# UK static home council tax?



## Tashy (Jan 23, 2015)

Hello all, some advice needed here please. I have been resident if the Canary Islands or 9 years now, but recently have been toying with the idea of buying a small static home back in the UK on a residential site, to use as a base when visiting family on trip back. Is there anyone on the forum who can give me advice re council tax? Someone has told me that as I pay the equivilent of it here in the Canaries on my property, and have proof of doing so, that I would not be liable to pay it too in the UK, or at least be entitled to a discount. Thanks in advance!


----------



## _shel (Mar 2, 2014)

Councils can offer discount on empty or second homes but since 2010 most don't, so you could be liable for the full amount. You would need to look on the councils website where it is based.


----------



## Madge67 (Jan 23, 2015)

Or you could look on a non residential site - no council tax to pay on these. The only thing is they are usually closed for one month every year (sometimes 2) and you would be able to have a telephone line fitted. We have one in Wales and it is only closed during Feb. 

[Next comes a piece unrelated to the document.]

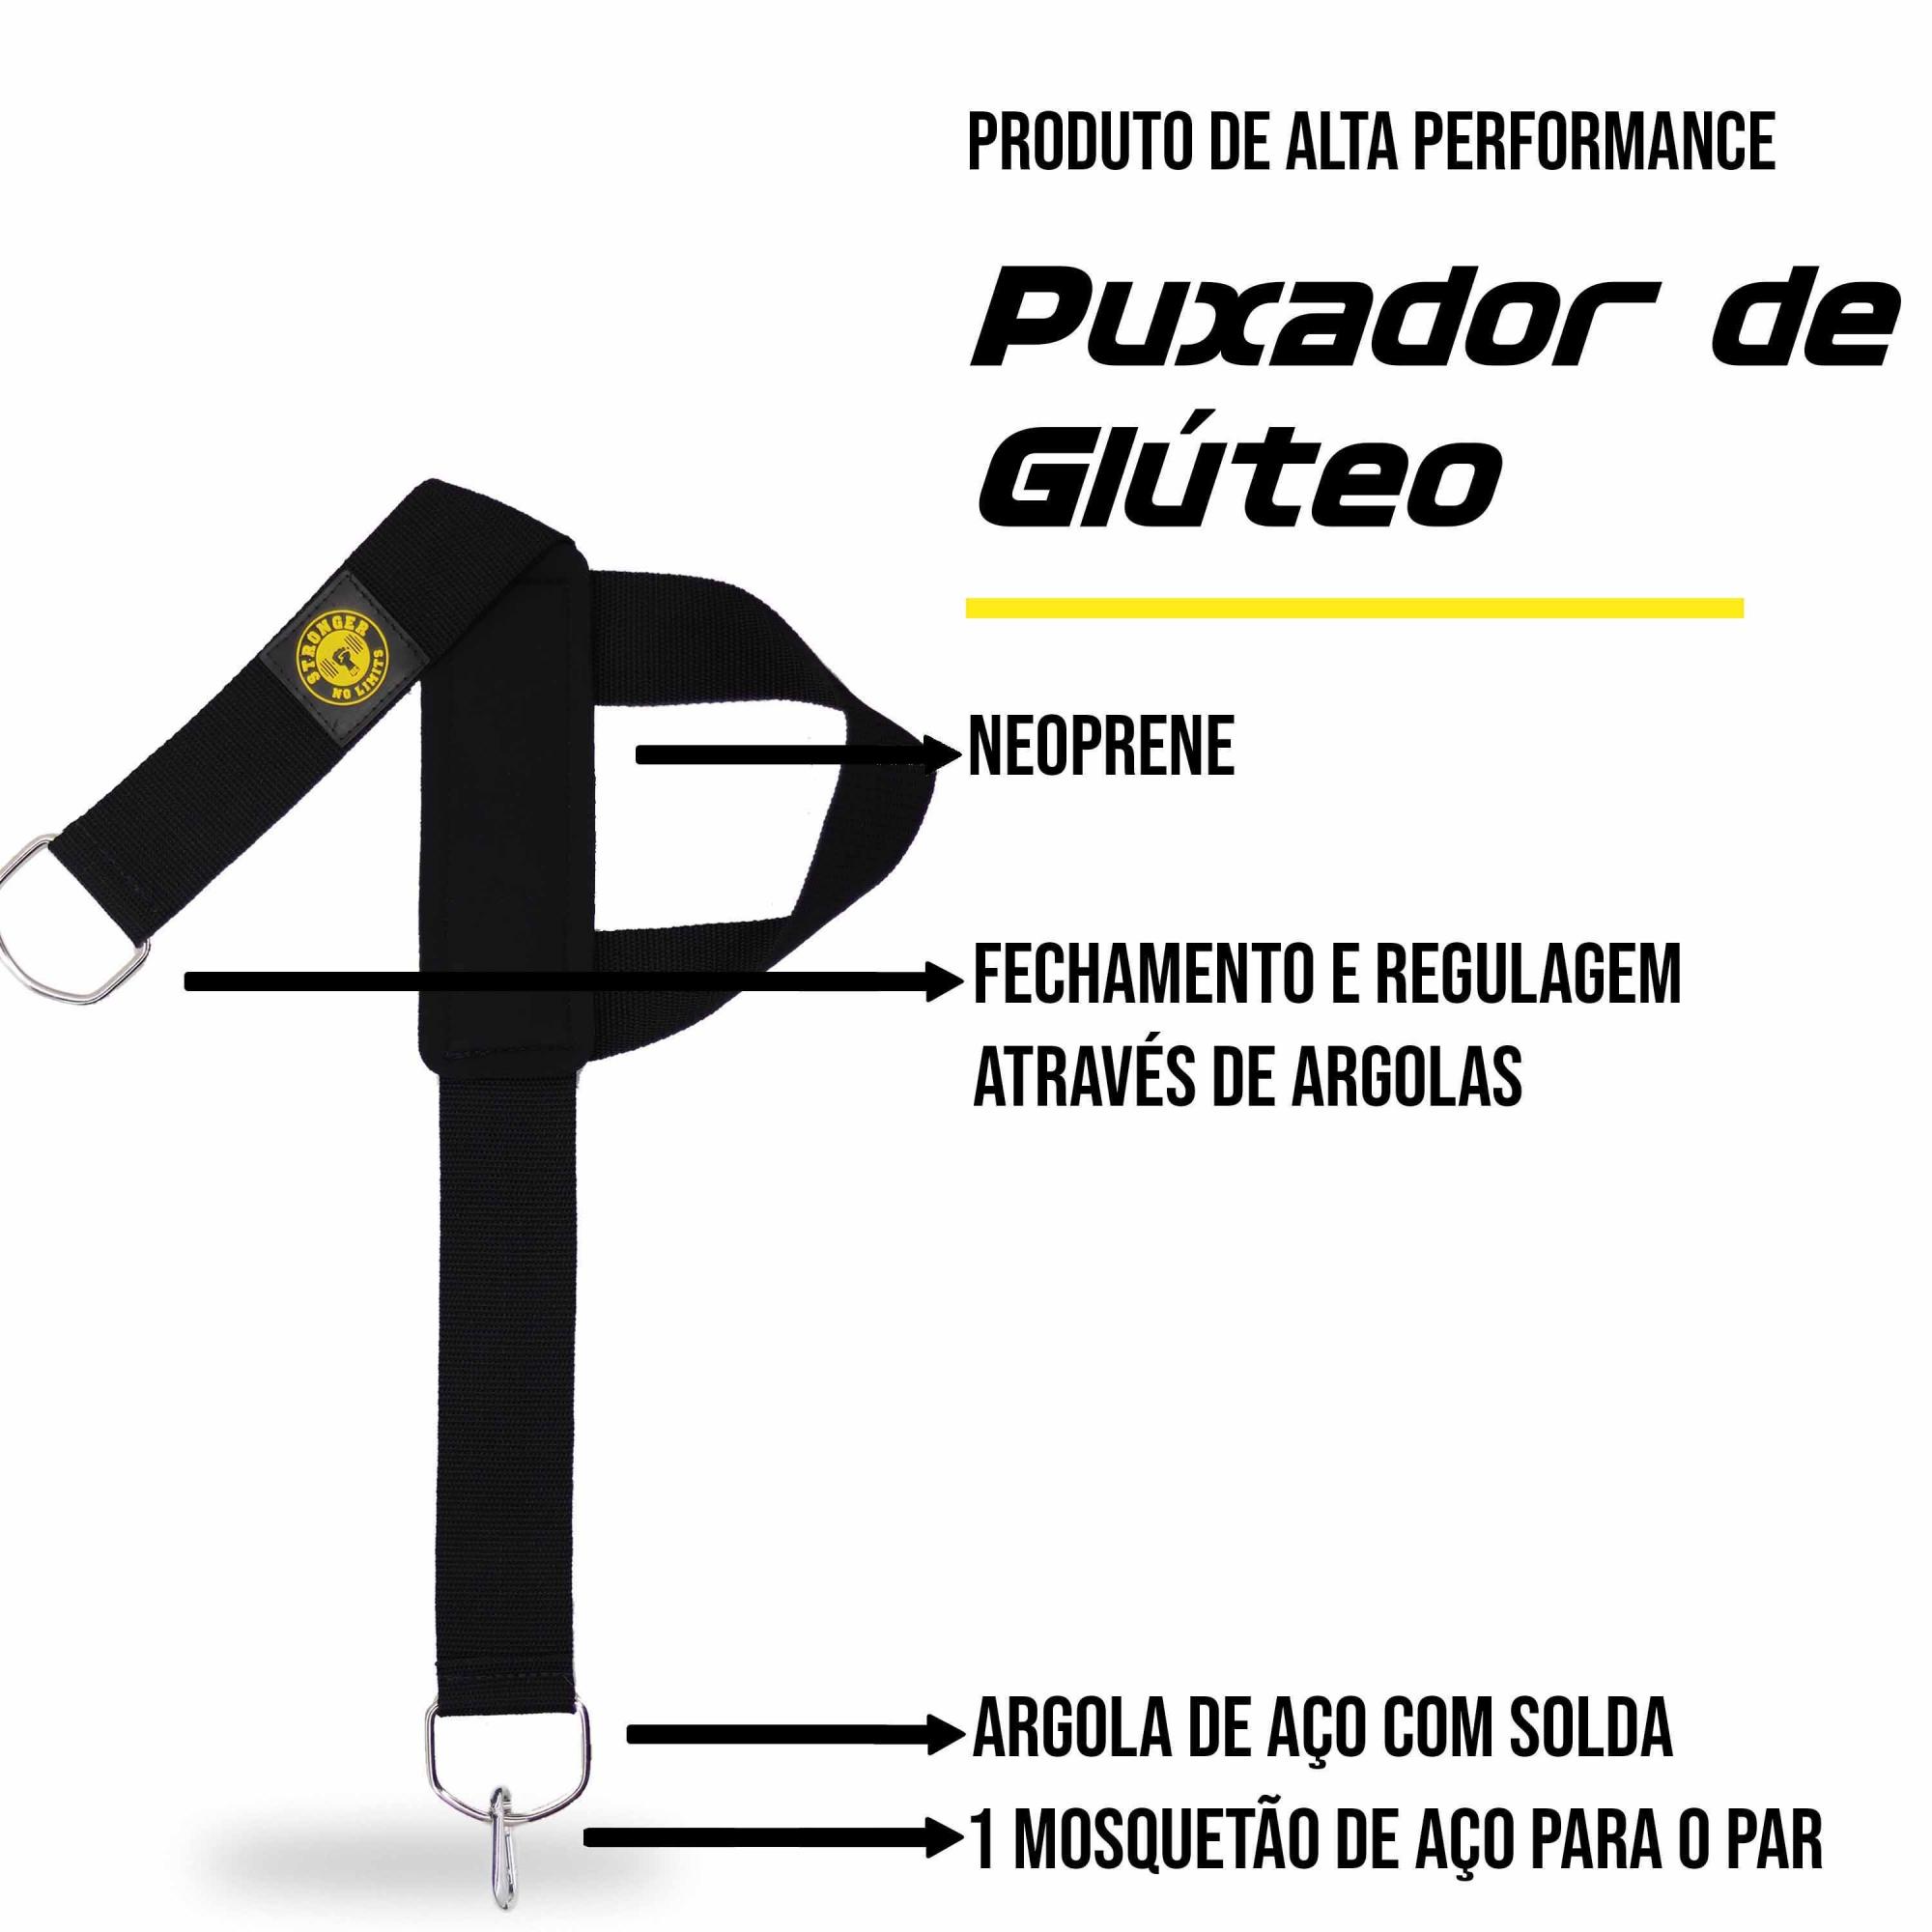 Puxador de gluteo - Argola

Its another option to explore.


----------



## alborino (Dec 13, 2014)

_shel said:


> Councils can offer discount on empty or second homes but since 2010 most don't, so you could be liable for the full amount. You would need to look on the councils website where it is based.


Fully agree with that. A friend of mine in Hong Kong gets a 25% discount on his UK house but is under no illusion this will apply in the future. If you are single then you can normally get the 25% for that as well but not in addition AFAIK.

Good luck with it. Always nice to come back to your own little place


----------



## Madge67 (Jan 23, 2015)

You are quite right re the second home discounts - it depends on the Local Authority. Some Authorities got rid of the discount or reduced them to save money.


----------



## Justina (Jan 25, 2013)

What is a static home?


----------



## Isobella (Oct 16, 2014)

Justina said:


> What is a static home?


A type of caravan where you have to pay site charges (usually high) every month.


----------



## snikpoh (Nov 19, 2007)

Isobella said:


> A type of caravan where you have to pay site charges (usually high) every month.


OUCH!!!!

How to win friends and influence people


----------



## Alcalaina (Aug 6, 2010)

Isobella said:


> A type of caravan where you have to pay site charges (usually high) every month.


What used to be called a mobile home? How confusing.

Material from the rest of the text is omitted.